Am morgigen Montag (1. April) kommt es in Berlin zu einem ganztägigen Warnstreik der BVG-Mitarbeiter.

Foto: Britta Pedersen / picture alliance / dpa

Am 1. April kommt es bei der BVG zu einem Warnstreik. Deshalb will die S-Bahn zusätzliche Züge einsetzen. Auch einige Buslinien fahren.

Berlin.  Bei den Berliner Verkehrsbetrieben (BVG) kommt es am morgigen Montag (1. April) zu einem weiteren Warnstreik. Die Gewerkschaft Verdi rief am Donnerstag sämtliche Beschäftigte auf, ganztägig die Arbeit niederzulegen. Damit dürften weder U-Bahnen noch Straßenbahnen sowie nur wenige Busse fahren. Die S-Bahn ist nicht betroffen. Der Streik startet am Montag mit Betriebsbeginn.

Es ist der dritte und härteste Warnstreik in der laufenden Tarifrunde. Zuvor waren die Tarifverhandlungen am Donnerstag ergebnislos beendet. „Eine Einigung im Tarifkonflikt war aufgrund des von der Arbeitgeberseite vorgelegten Angebotes nicht möglich. Leider profitieren längst nicht alle Beschäftigten von den Erhöhungsschritten, die die Arbeitgeber beabsichtigten“, erklärt ver.di-Verhandlungsführer Jeremy Arndt.

Streik bei der BVG am Montag: Alle Informationen in Kürze

• Am Montag, 1. April, fahren in Berlin keine U-Bahnen, keine Tram und nur wenige Busse.

• Der Streik startet zum Betriebsbeginn um 3.30 Uhr und dauert den ganzen Tag an.

• Die S-Bahn in Berlin fährt regulär. Das Unternehmen gehört zur Deutschen Bahn und ist vom Streik nicht betroffen. Auch der Regionalverkehr der Bahn fährt wie gewohnt.

• Die S-Bahn kündigt an, „Betriebsreserven“ zu mobilisieren und mehr Züge einzusetzen. Außerdem werde es von 5 bis etwa 18 Uhr rund 80 zusätzliche Fahrten auf der S5 zwischen Mahlsdorf und Warschauer Straße geben. Die DB-Regionalzüge werden am Montag nach Fahrplan verkehren. Fahrgäste müssen dennoch mit sehr vollen Zügen rechnen, wie das Unternehmen mitteilte.
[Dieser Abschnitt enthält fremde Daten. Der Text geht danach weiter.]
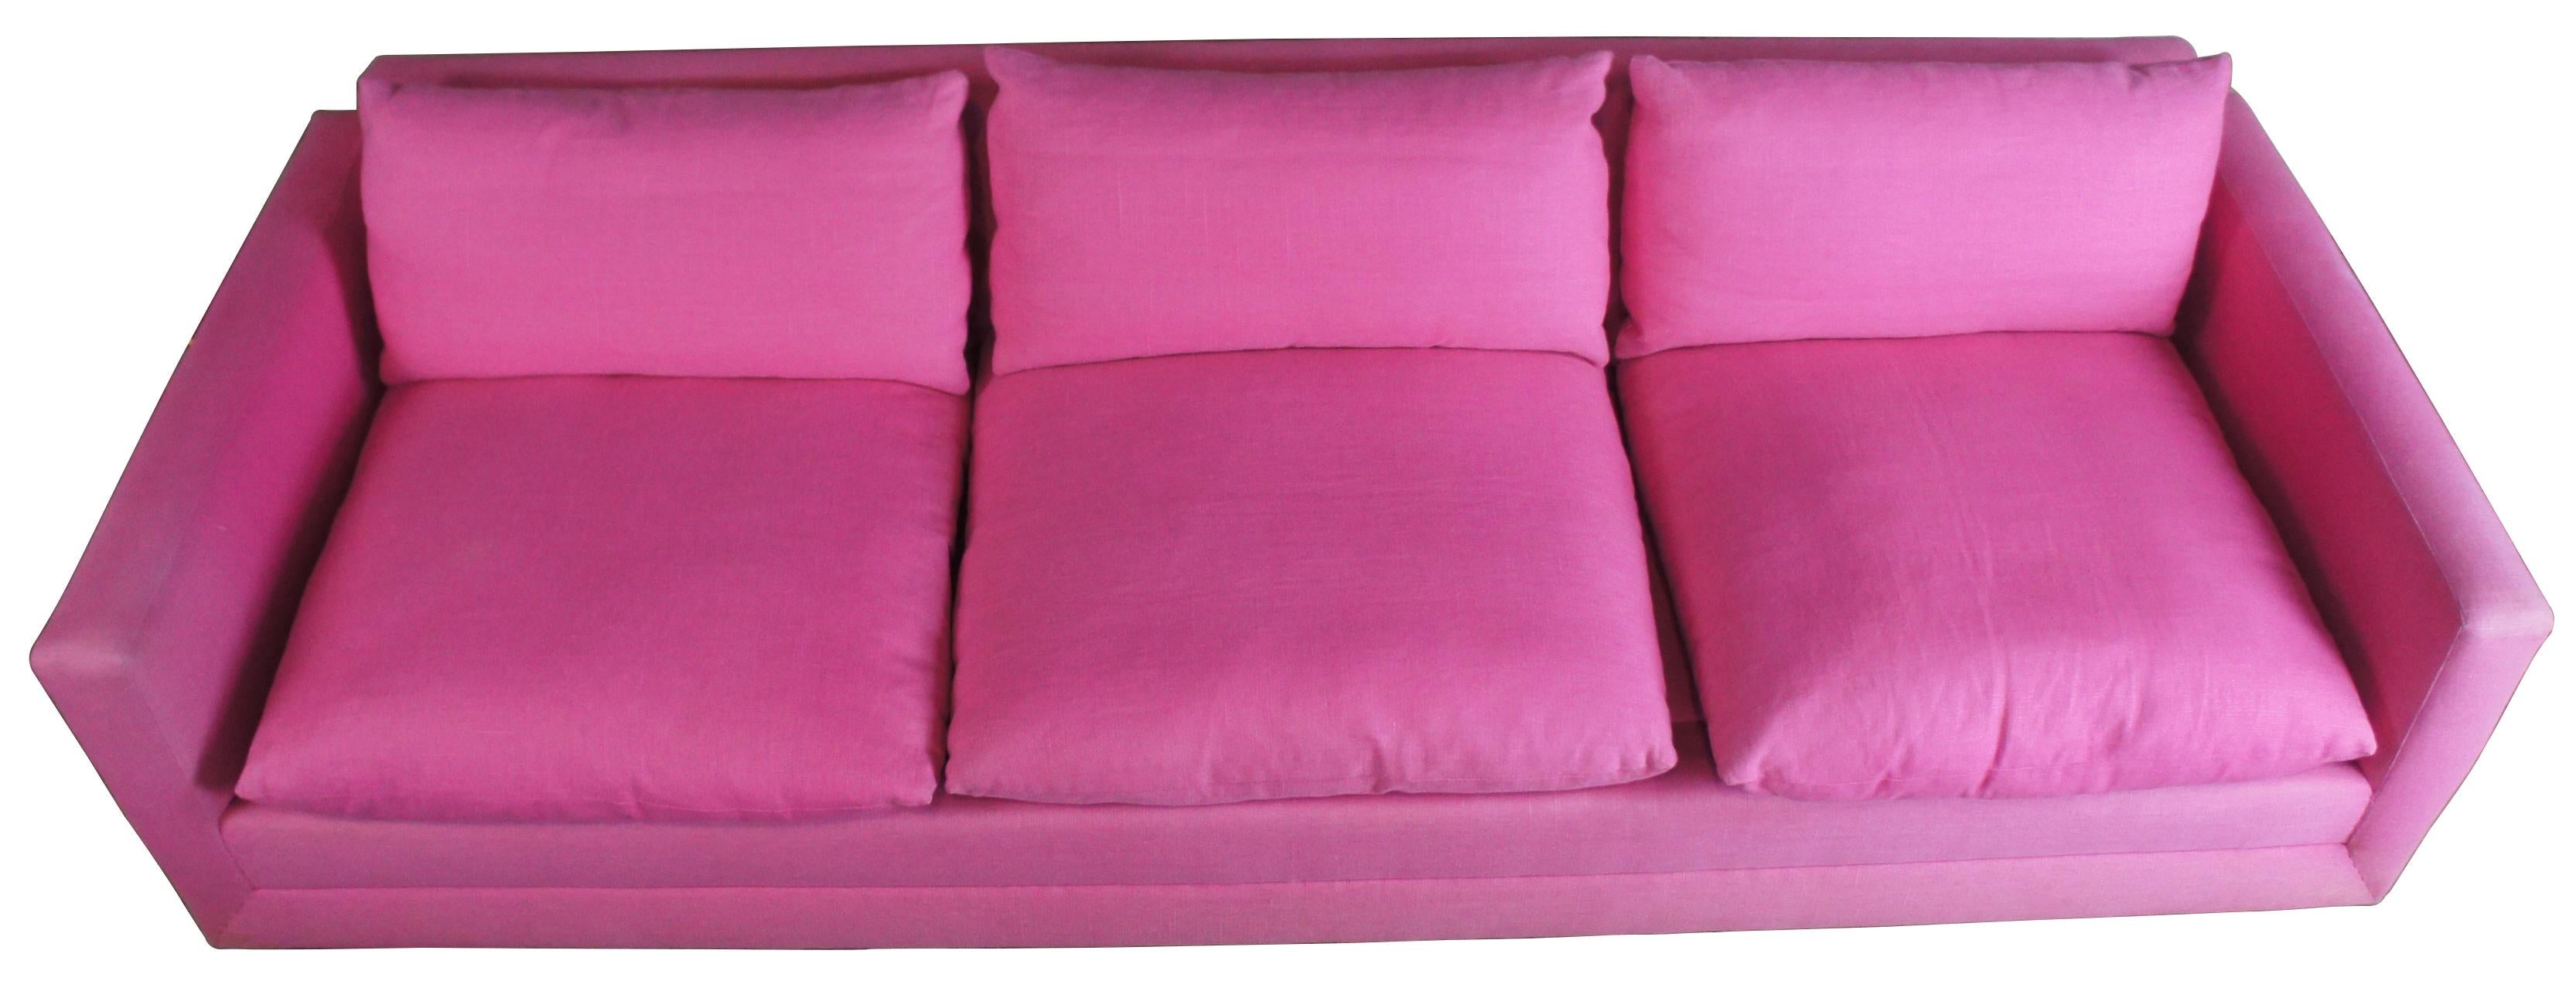 bright pink sofa

• Folgende von Subunternehmern betriebene Buslinien werden während des Warnstreiks komplett fahren: 106, 161, 162, 163, 168, 175, 179, 218, 234, 263, 275, 284, 320, 322, 334, 341, 349, 363, 365, 371, 373, 380, 399.

• Folgende Linien fahren mit leichten Einschränkungen: 112, 140, 184, 283, 370 und 893. Die Linie 390 ist nur in den frühen Morgenstunden regulär im Einsatz.

• In Betrieb sind die BVG-Fährlinien.

• Probleme gibt es vor allem für Passagiere am Flughafen Tegel. Der innerstädtische Airport TXL ist ohne Verkehrsmittel der BVG nur schwer erreichbar. Die Flughafengesellschaft will ab S-Bahnhof Jungfernheide einen unregelmäßigen Not-Shuttleservice anbieten.

• Die vorangegangenen Streiks bei der BVG in Berlin verliefen vergleichsweise glimpflich, das befürchtete Chaos blieb aus.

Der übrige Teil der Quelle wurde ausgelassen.